The MRT in the sclera was relatively short, which might be due to that the drug firstly reached the sclera after periocular injection, resulting in the highest drug concentration and AUC in the sclera. Subsequently, the drug may be transferred into blood and circulate into ocular tissues and other parts of the body, be metabolized, or penetrated through the sclera to the intraocular tissues. The sclera has a large surface area and a high degree of hydrophilicity, which makes water-soluble macromolecular drugs (relative molecular mass of 70,000 to 150,000) to penetrate into intraocular tissues. In addition, there are few cells in the sclera, and the sclera lacks proteolytic enzymes; thus, some macromolecular biological active substances (such as oligonucleotides and monoclonal antibodies) can reach to the choroid and retina through the sclera [11-14]. In short, after periocular injection of MPSS, the sclera is the main barrier for drug penetration, but the sclera also is a “repository” for local drug release due to its large surface area.

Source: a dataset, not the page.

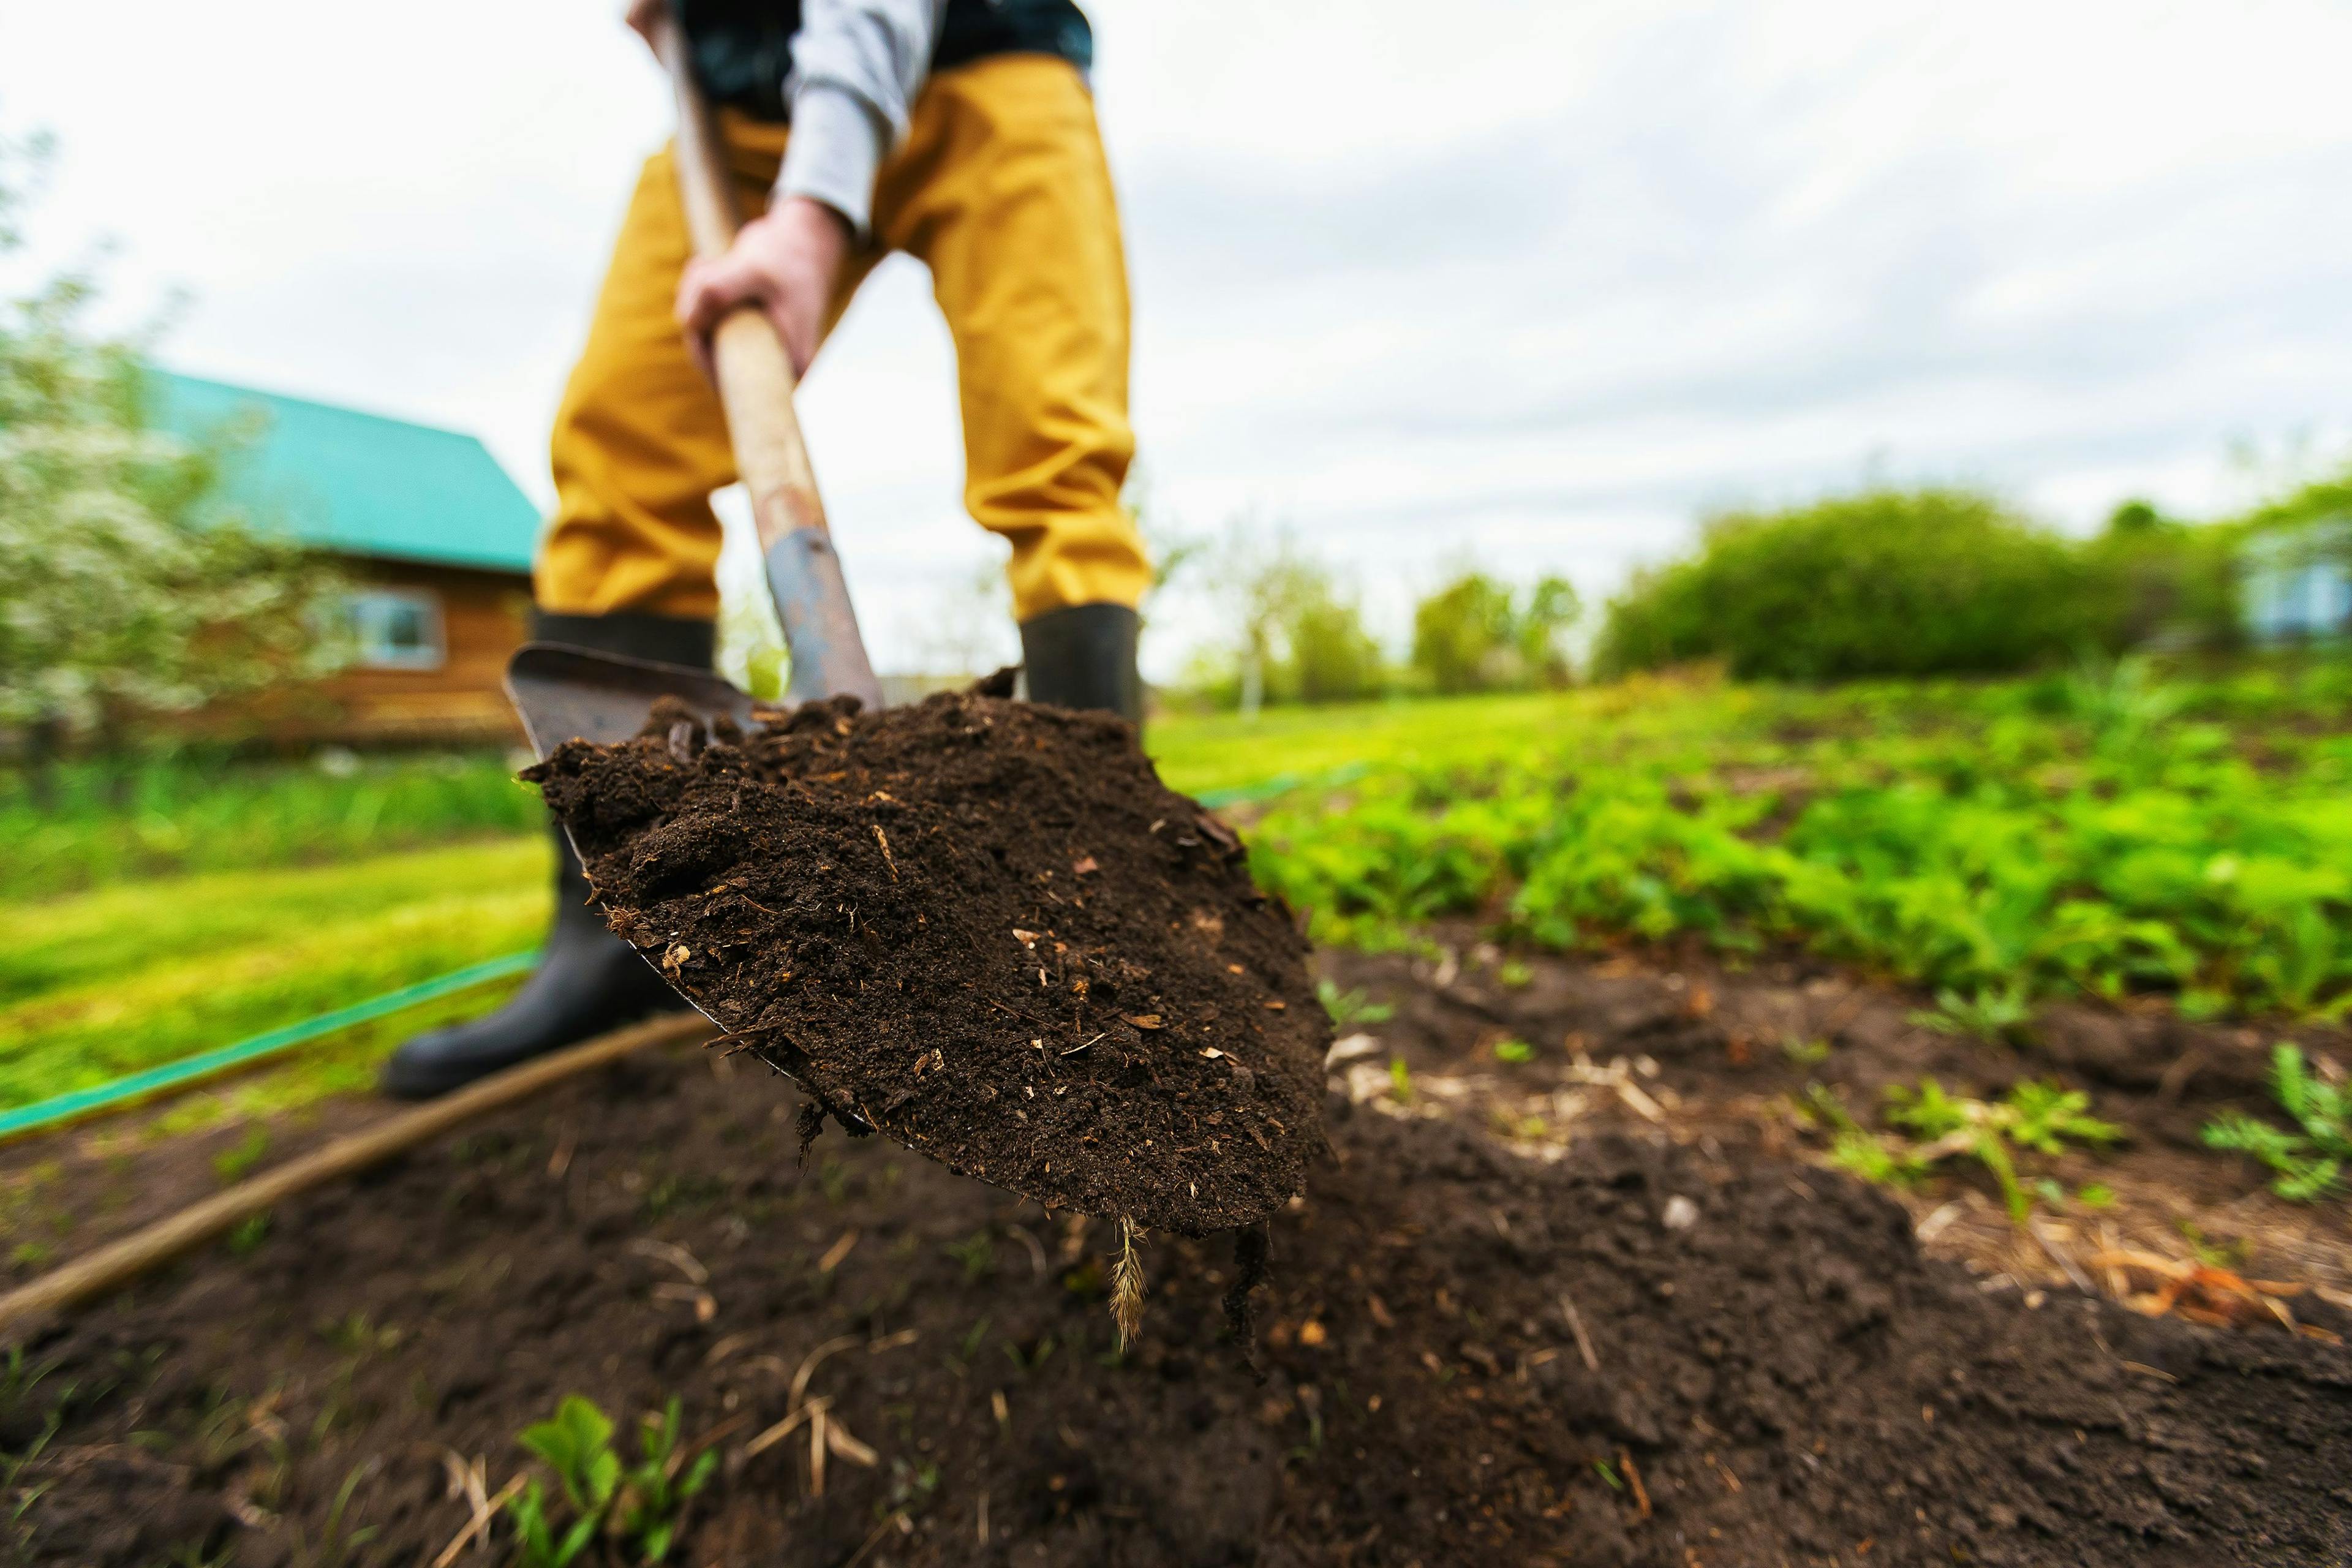 Gardener is digging soil with a shovel at spring green outdoors background. | Image Credit: © vitanovski - stock.adobe.com

There are many administration routes to deliver drugs into ocular tissues. The choice is primarily made based on the desired target site for the drug. Conventional ocular topical administration and subconjunctival administration are mainly used for the anterior segment lesions, whereas intravitreal administration and transscleral administration are for the posterior segment lesions. This study provides a theoretical basis for the transscleral administration of some new pharmaceutical dosage forms, such as the hormone scleral delivery system [15].

5. Conclusion

The present study aimed to study the pharmacokinetics of MPSS after periocular injection in rabbit eyes. MPSS was rapidly absorbed in the intraocular tissues, effectively delivered to the posterior segment of the eyes (choroid and retina) and then quickly eliminated. The prodrug could rapidly convert into its active ingredient (MP) in eye tissues. Hence, periocular injection is an effective way to deliver drugs to the eyes.